Union decision delayed until Monday.
(TORONTO, Jan. 29, 2010) – Ontario’s colleges are urging the Ontario Public Service Employees Union (OPSEU) to allow full-time faculty at the province’s 24 colleges to vote on the final contract offer.
“The colleges have made a good offer to faculty,” said Dr. Rachael Donovan, chair of the colleges’ bargaining team. “This offer increases the maximum salary to more than $102,000 by September of next year and protects the faculty’s workload provisions.
“OPSEU should allow faculty to participate in a supervised vote on the offer,” Dr. Donovan said. “No one wants to see the students’ year disrupted by a strike. OPSEU should allow faculty members at the 24 colleges to exercise their democratic right to vote.”
In an effort to avert a pending strike, the colleges’ presented its final offer to OPSEU on Wednesday. The key elements of the three-year offer are:
- A salary increase of 5.9 per cent over three years, which moves the maximum salary to $102,186 by Sept. 1, 2011.
- Workload protections contained in the last collective agreement remain intact.

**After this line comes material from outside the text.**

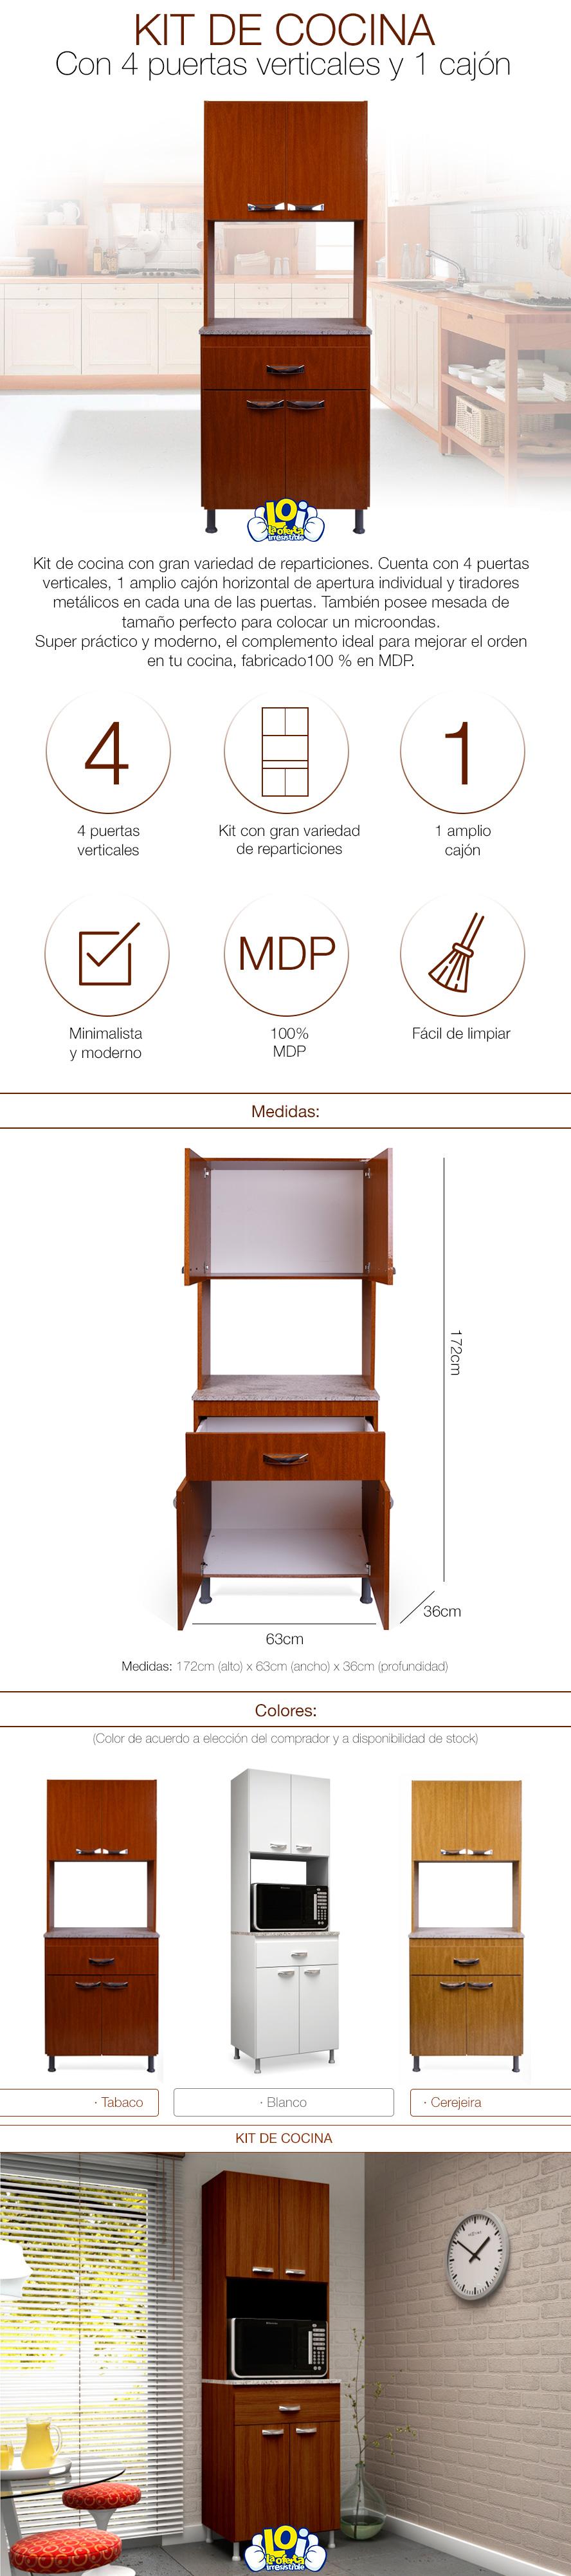 Mueble armario de cocina 4 puertas 1 caj n color tabaco for Armarios de cocina en kit

The colleges had hoped to get a response from OPSEU on Thursday but the union’s bargaining team advised the mediator that they would not be able to respond to the request to hold a vote until next Monday (February 1).
“We need a supervised vote soon so that faculty members can make their decision known,” Dr. Donovan said. “There is no need for a strike at Ontario’s colleges, and OPSEU can avert a strike by allowing for a supervised vote on the colleges’ final offer.”
The Colleges Collective Bargaining Act allows the union to take a proposed collective agreement to the membership for a vote. That vote is to be conducted under the supervision of and in the manner prescribed by the Ontario Labour Relations Board.
“We certainly hope the union’s bargaining team, as the representative of the employees, will allow the members to make the decision as to whether they will accept the colleges’ final offer for a proposed collective agreement. That would be the democratic thing to do,” said Donovan. “If that vote was in favour of the offer, a collective agreement would be in place and a strike would be averted.”